Keywords: Cerebellum, Polarization-sensitive optical coherence, tomography, Layer thickness, Cell density, Myelin, Cross-subject variability

1. Introduction

The cerebellum contains between 70 and 80% of the neurons in the human nervous system, the vast majority of which are granule cells in the cerebellar cortex (Herculano-Houzel, 2010). The cerebellum is interconnected through afferent and efferent pathways with the cerebral cortex, pontine and olivary precerebellar nuclei, thalamus, and spinal cord. The cerebellum has long been known to be critical for the coordination of movement and it has become apparent from neuroanatomical, electrophysiological, neuroimaging, and clinical studies that its impact on the nervous system is equally important for cognitive and emotional functions (Koziol et al., 2014; Lawrenson et al., 2018; Schmahmann et al., 2019). For example, lesions in the cognitive and limbic regions of cerebellar posterior lobe lead to dysmetria of thought, with impairments of the cerebellar modulation of intellect and emotion manifesting as the cerebellar cognitive affective syndrome (Schmahmann et al., 2019; Schmahmann and Sherman, 1998; Stoodley et al., 2016). There have been fundamental advances in understanding cerebellar corticonuclear connections, circuitry and physiology in animal models (Apps et al., 2018; De Zeeuw and Ten Brinke, 2015; Voogd and Ruigrok, 2012), as well as functional and structural connectivity in human subjects (Castellazzi et al., 2018; D’Angelo and Casali, 2013; Palesi et al., 2017), but there are still considerable knowledge gaps in understanding cerebellar cortical organization and function in the healthy human brain and how these contribute to pathophysiology and clinical phenomenology in diseases of the cerebellum.

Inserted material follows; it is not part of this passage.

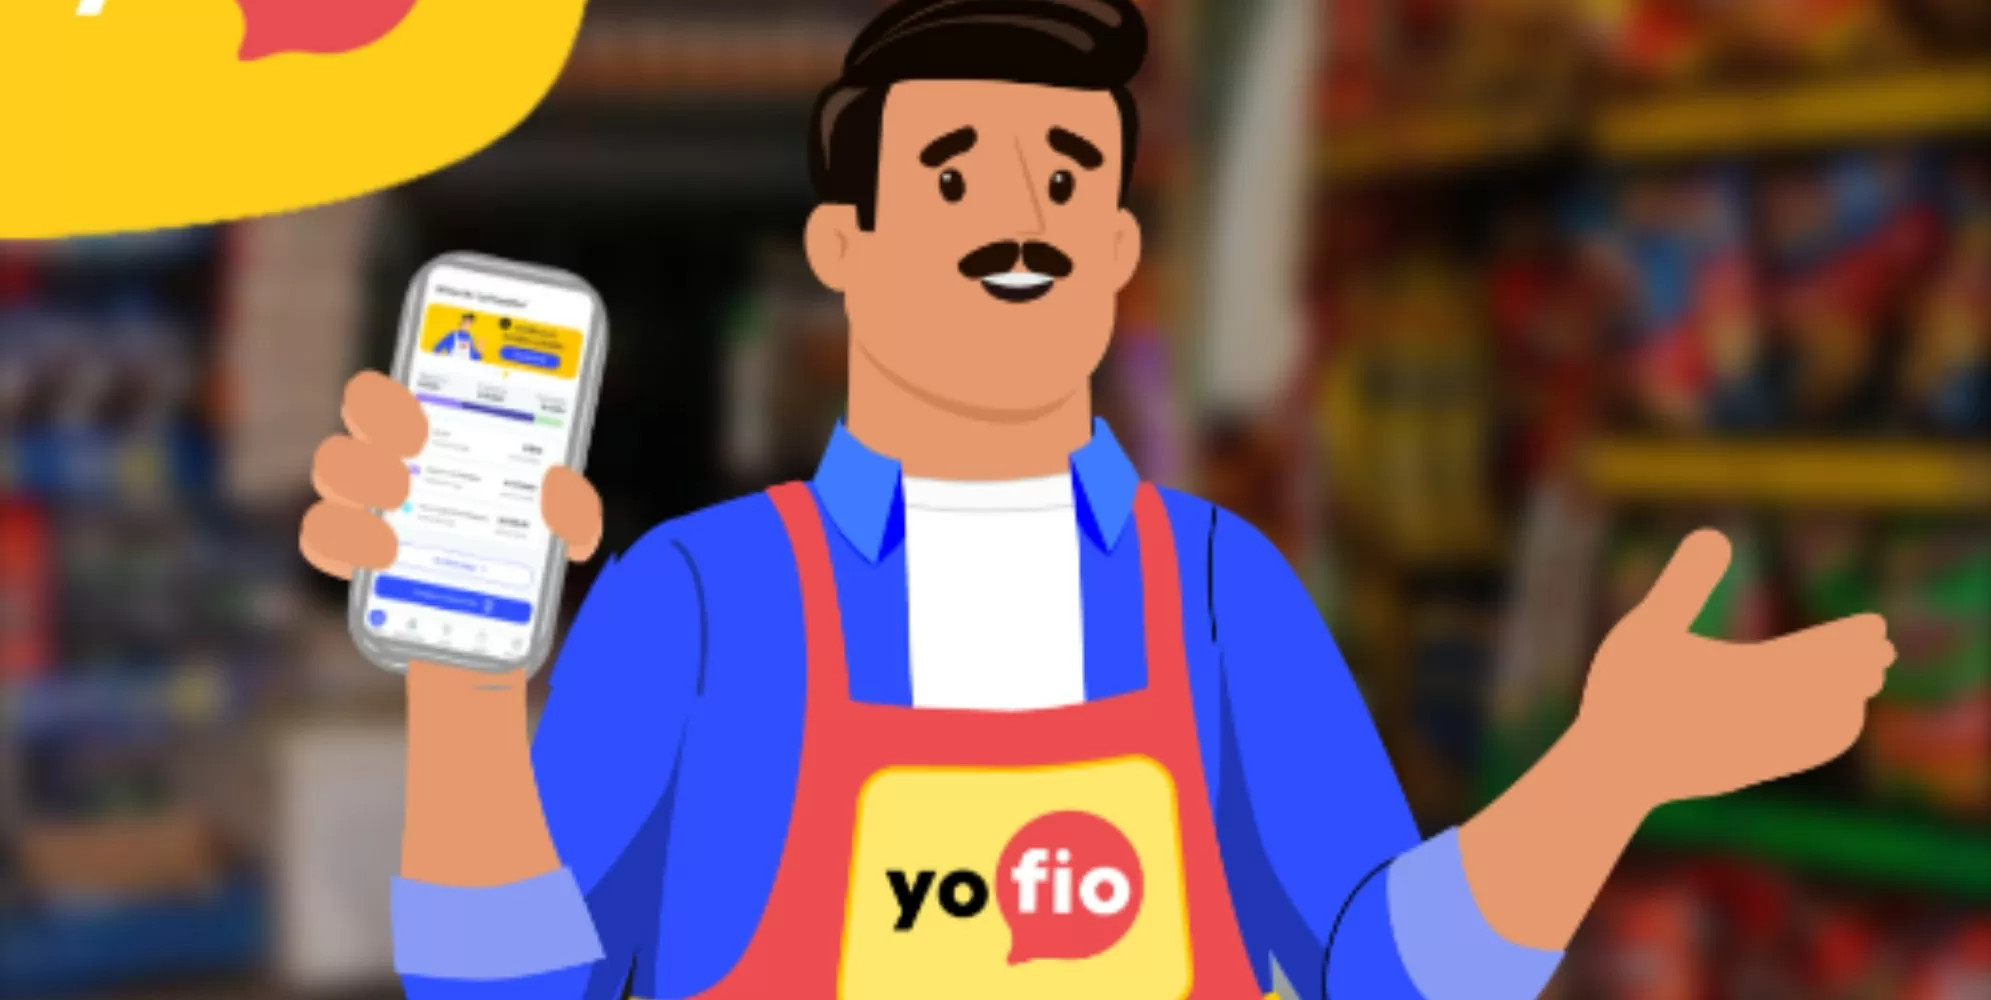 Yofio Secures $10m Investment To Support Mexican Microbusinesses
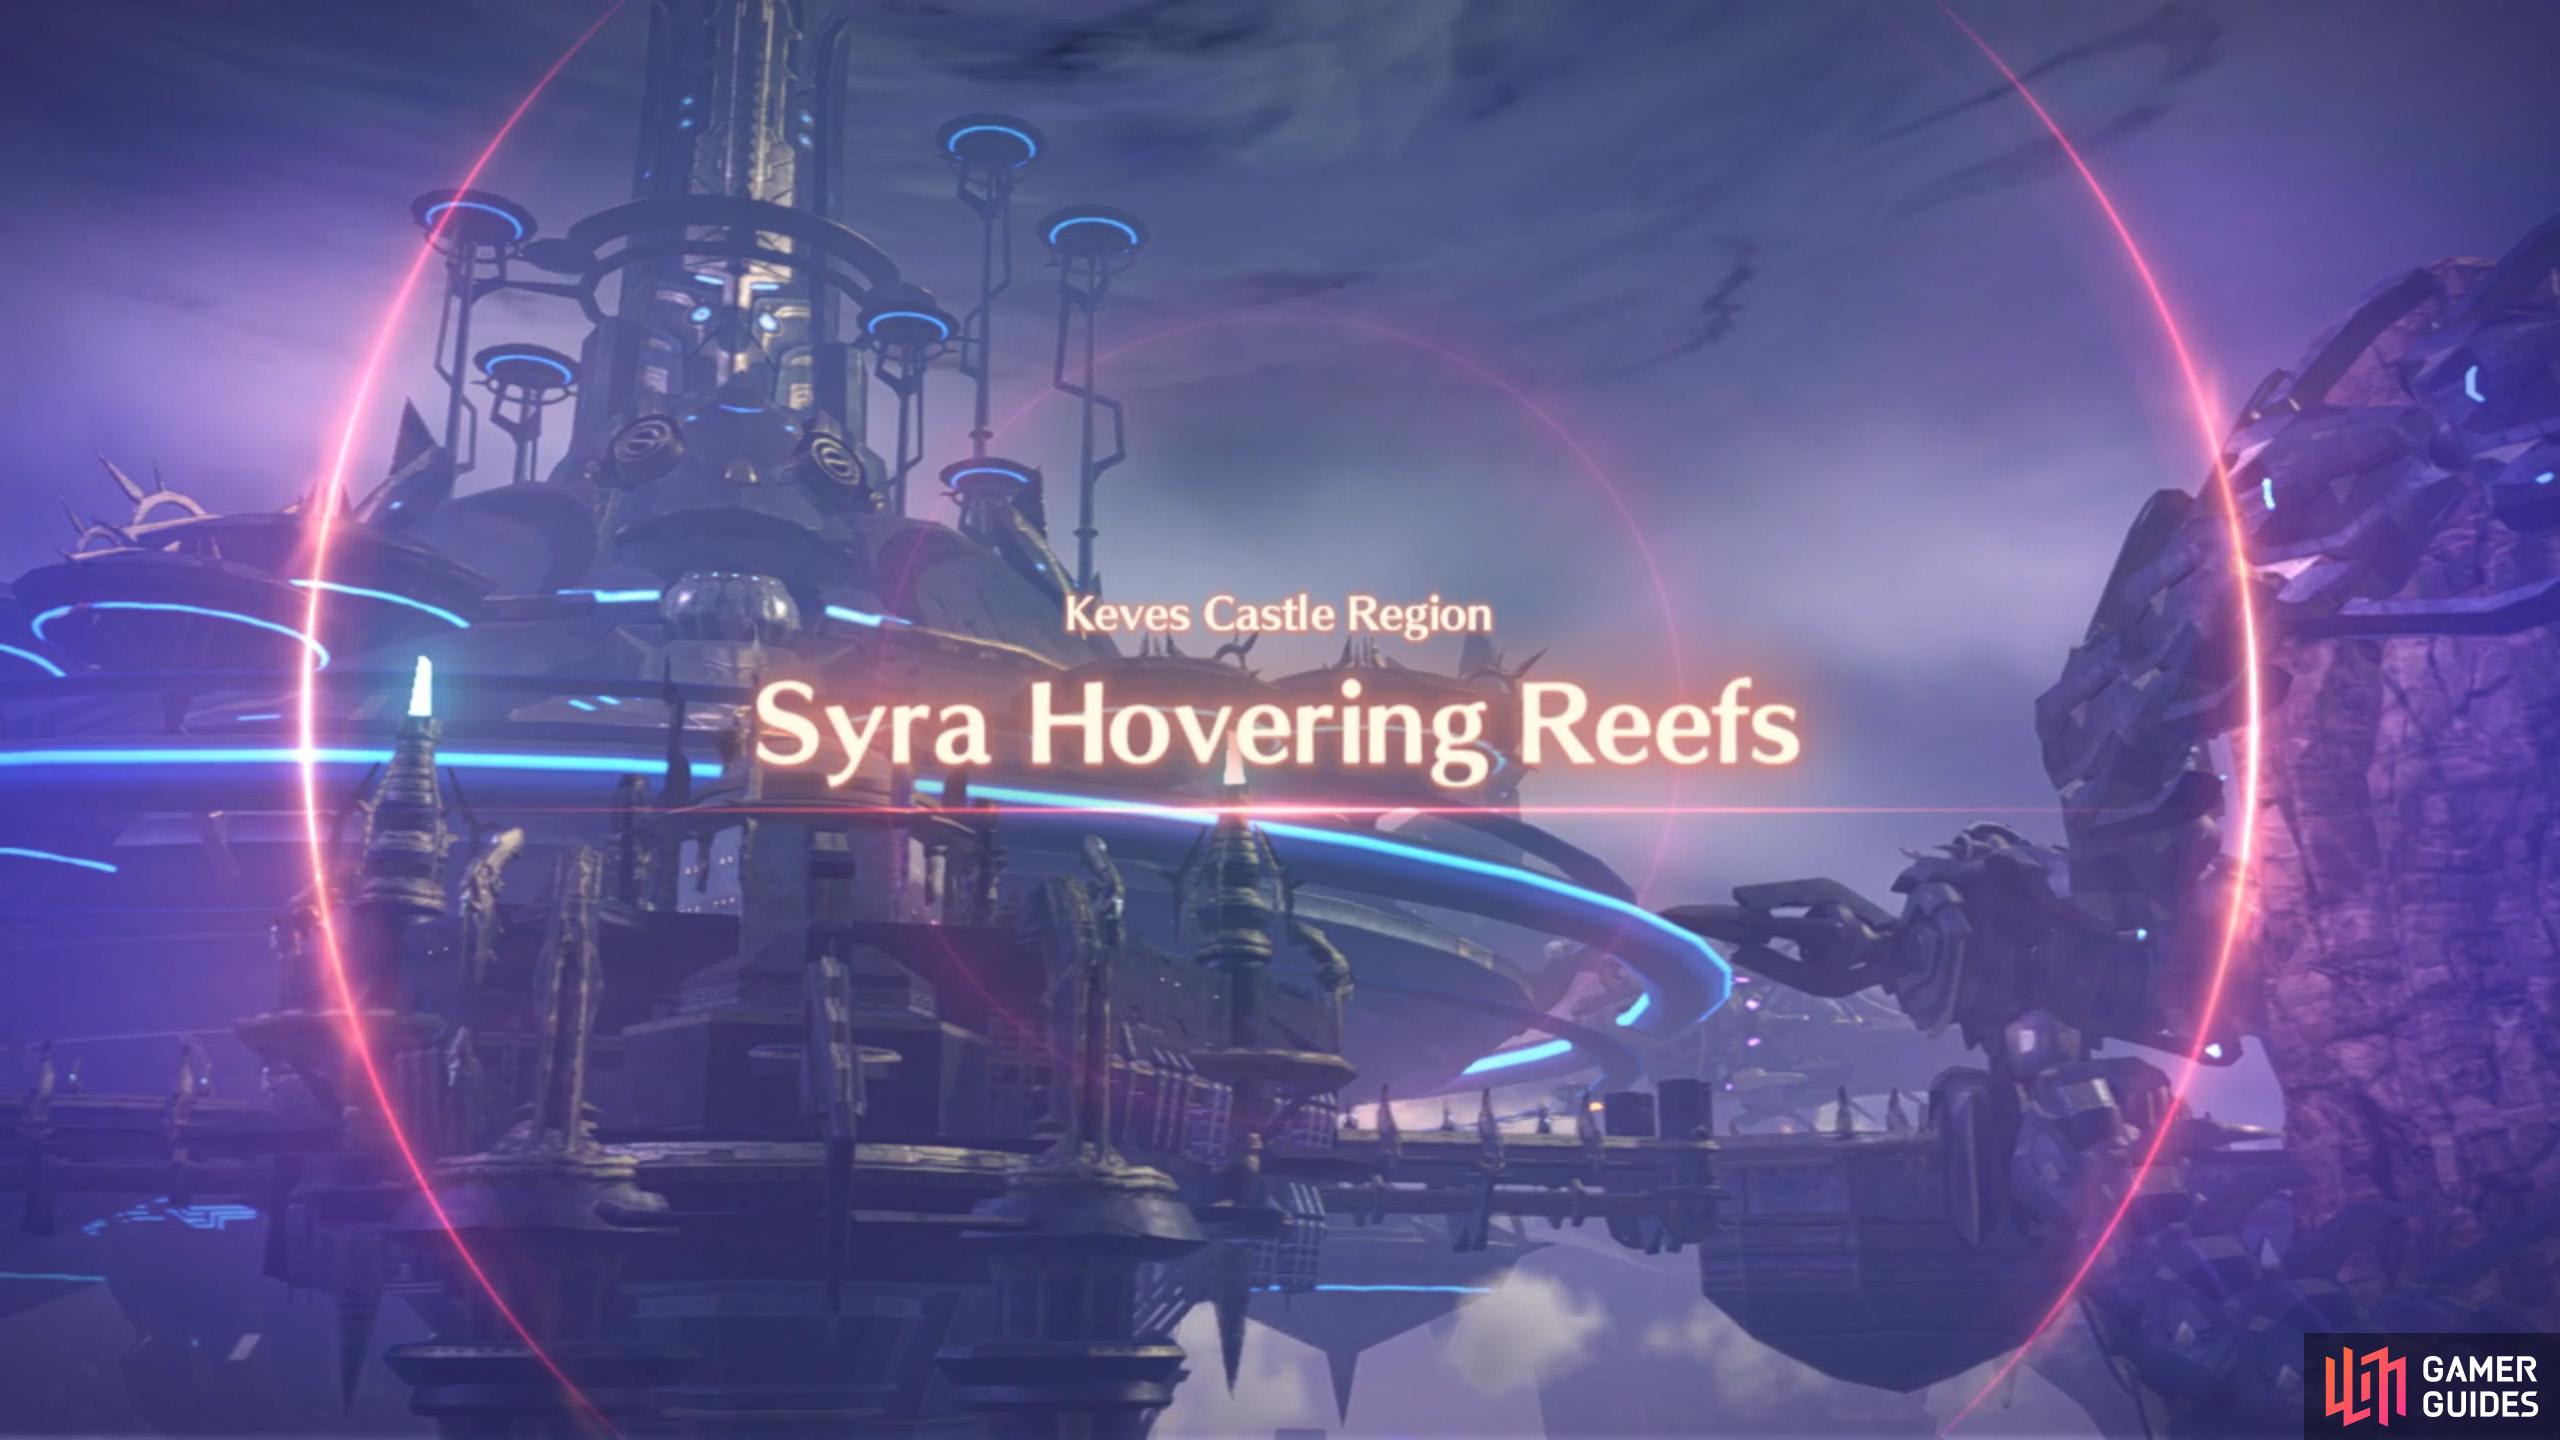 Syra Hovering Reefs is just outside Keves Castle.

Current volumetric analysis of cerebellar morphometry comes mostly from magnetic resonance imaging (MRI) (Boillat et al., 2018; Sereno et al., 2020). The tightly convoluted pattern of the cerebellar cortex, the limited resolution of MRI, and partial volume effects have impeded comprehensive visualization of the cerebellar folia (Sereno et al., 2020). Optical imaging methods provide superior resolution compared to MRI techniques. Among them, polarization sensitive optical coherence tomography (PSOCT) provides label-free and depth-resolved contrasts that originate from light scattering and tissue birefringence (de Boer et al., 1997). When applied to brain imaging, the reflectivity contrast from PSOCT reveals the gross anatomy and provides quantification of the scattering coefficient of different anatomical structures (Wang et al., 2017; Yang et al., 2020). White matter tracts at microscopic scale can be quantified by polarization-based retardance contrast due to birefringence, an optical property resulting from structural anisotropy (Wang et al., 2011). In particular, the different cortical layers of the cerebellum have showed distinctive optical properties, such as light scattering (Brezinski et al., 1997) and birefringence (Liu et al., 2017). We previously reported automatic serial PSOCT (as-PSOCT) integrated with a tissue slicer and a PSOCT system, which proved to be an effective way to map cubic centimeter samples of human brain (Wang et al., 2018). The as-PSOCT technique makes it possible to examine large-scale cerebellum samples at microscopic resolution.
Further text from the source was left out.